EXERCISE DETAILS – Look below for the line that contains "M5 Junction 8", then quote it and all the lines after it, exactly, with the pictures left out.

----- THE DATA -----

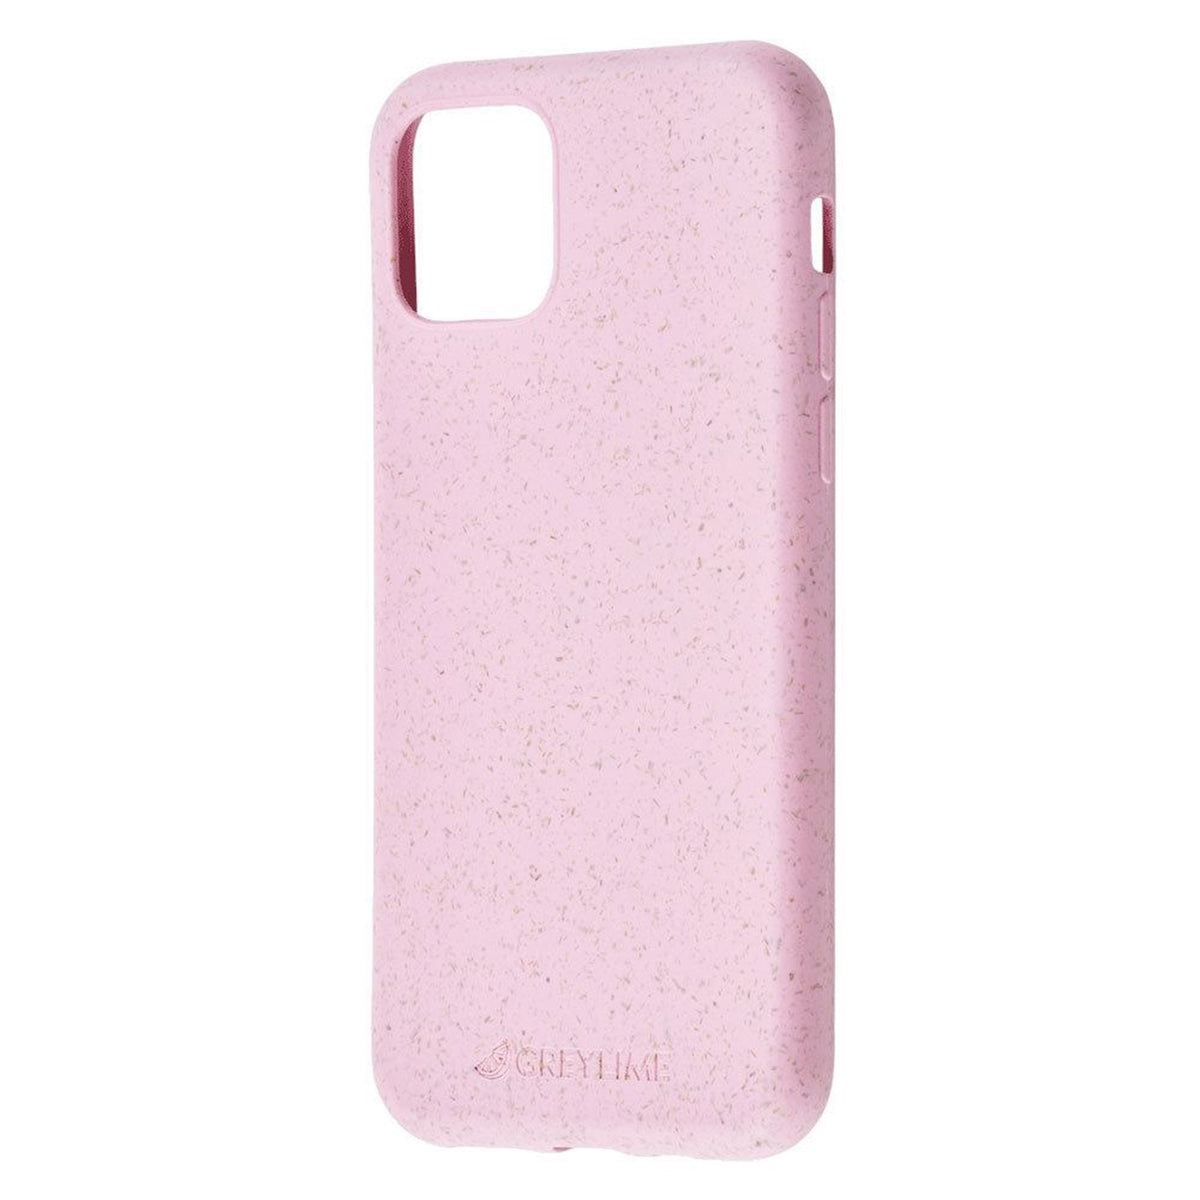 GreyLime-iPhone-11-Pro-biodegradable-cover-Pink-COIP11P05-V2.jpg
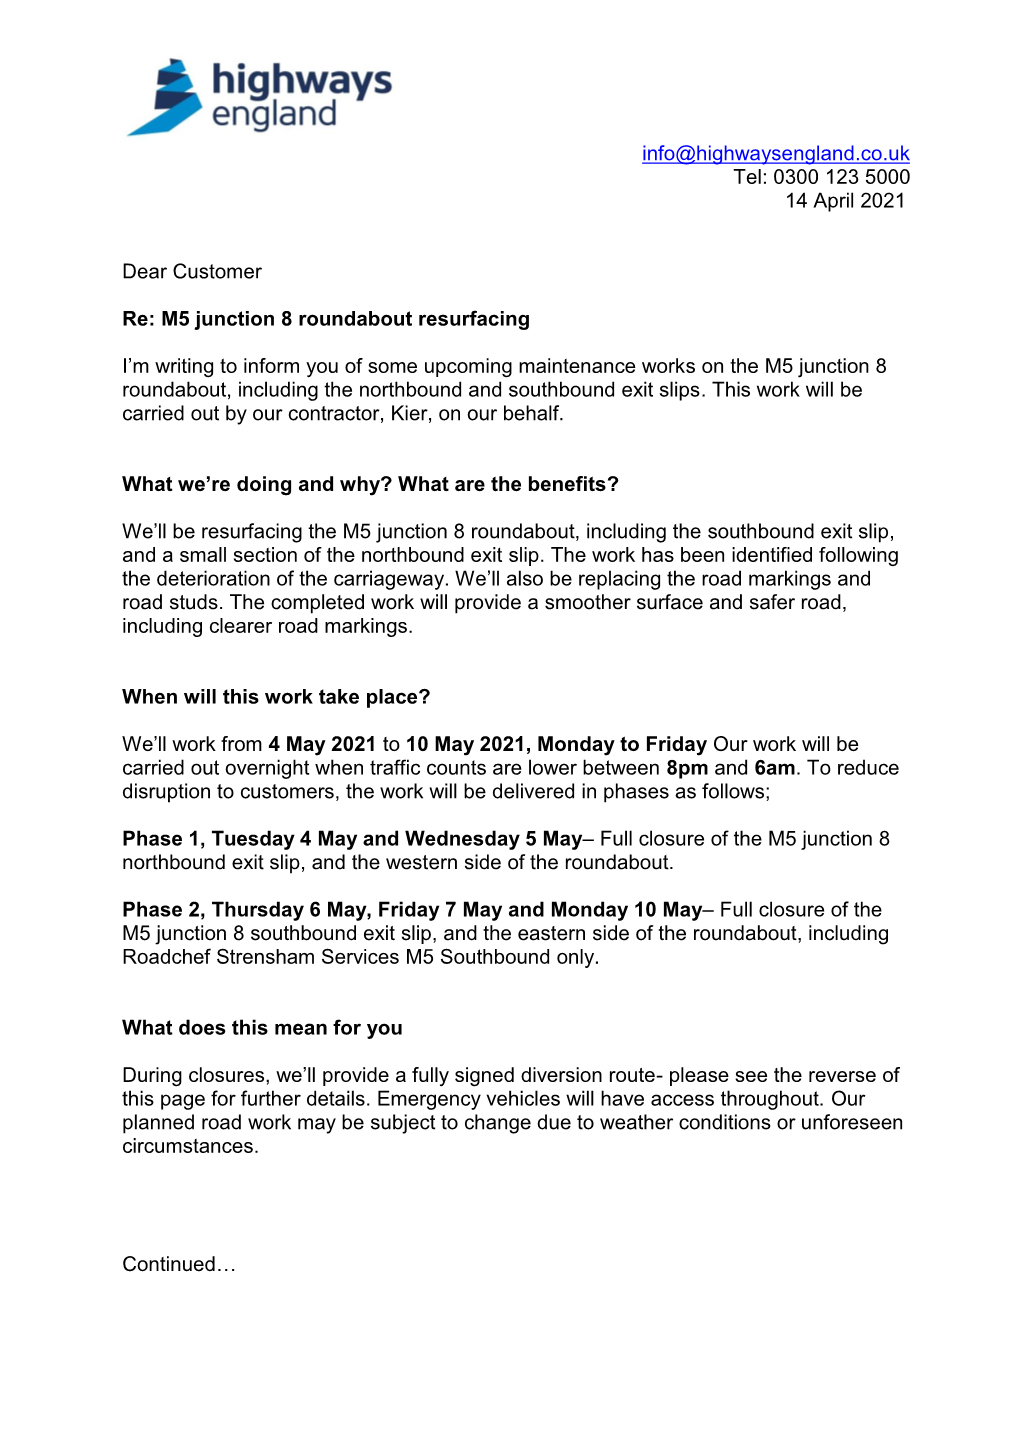 M5 Junction 8 Roundabout Resurfacing Letter To
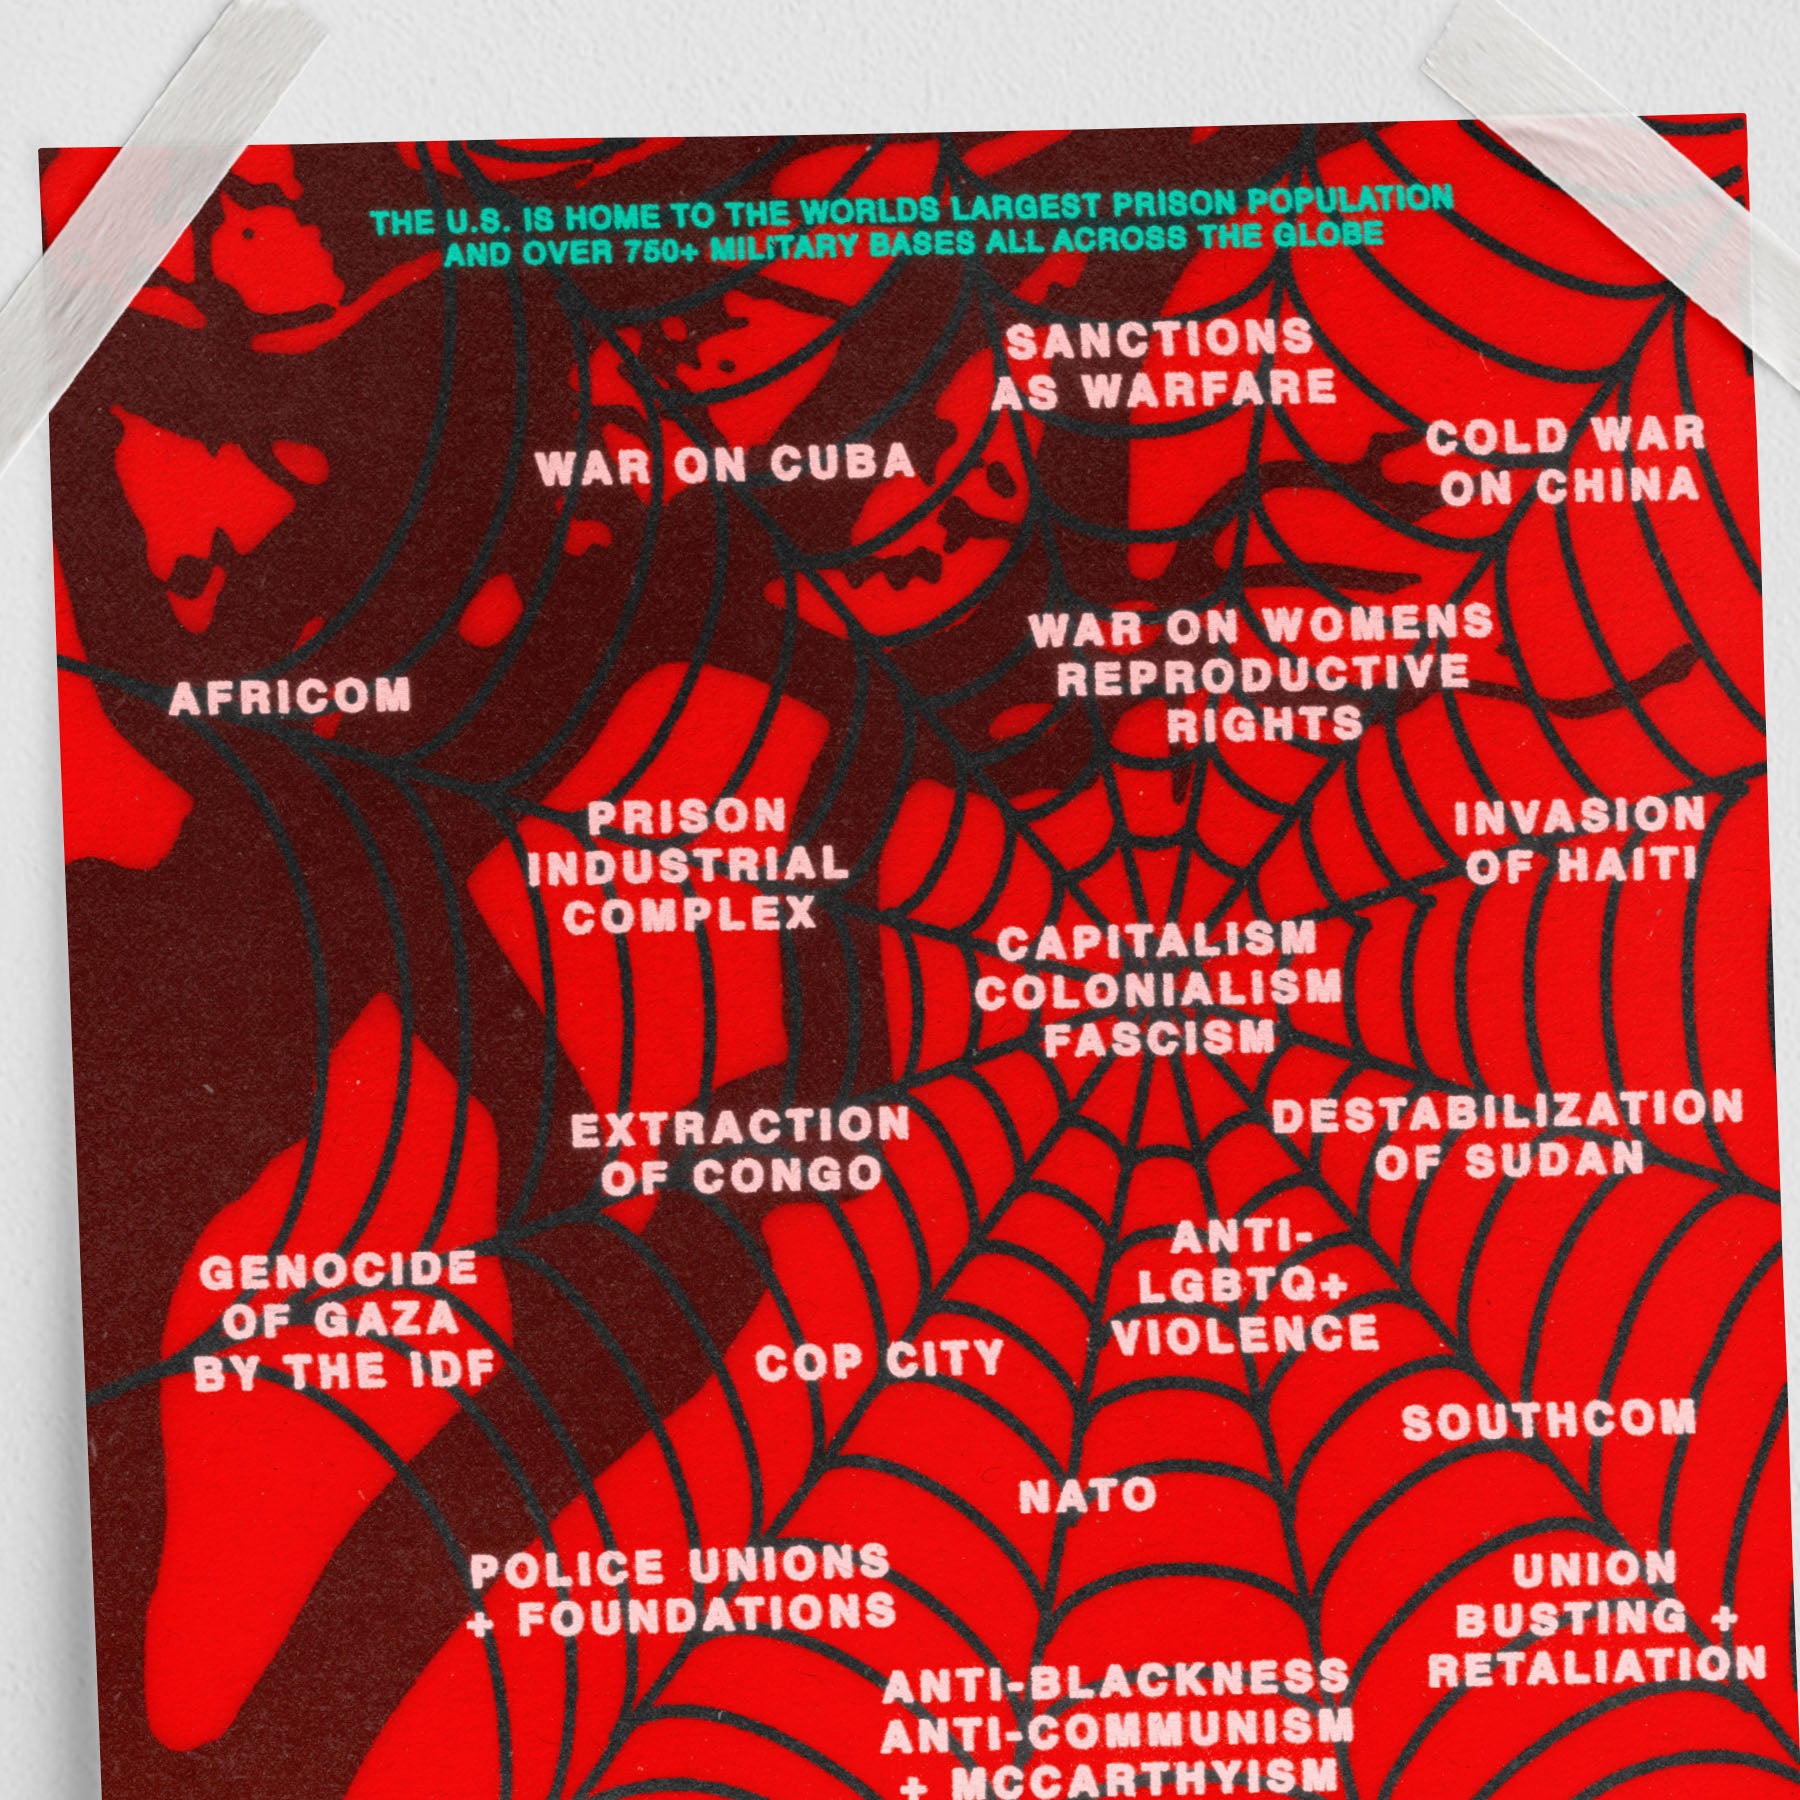 Spider Web of Imperialism (11 x 17 Poster print)
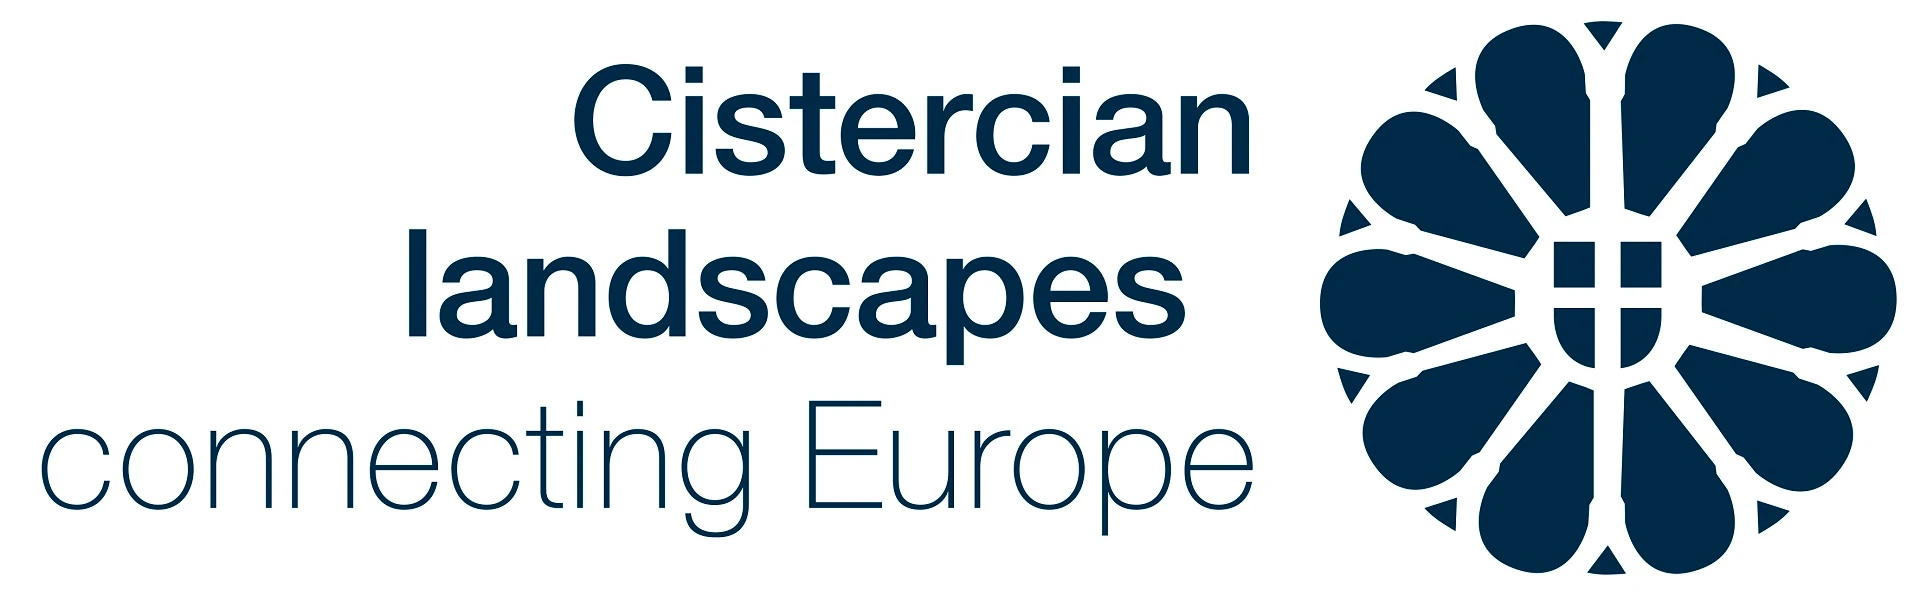 Cisterscapes-cistercian landscapes connecting Europe

-----

RESULT FOR THIS EXERCISE –
 M5 Junction 8 Roundabout Resurfacing Letter To
 Spider Web of Imperialism (11 x 17 Poster print)
 Cisterscapes-cistercian landscapes connecting Europe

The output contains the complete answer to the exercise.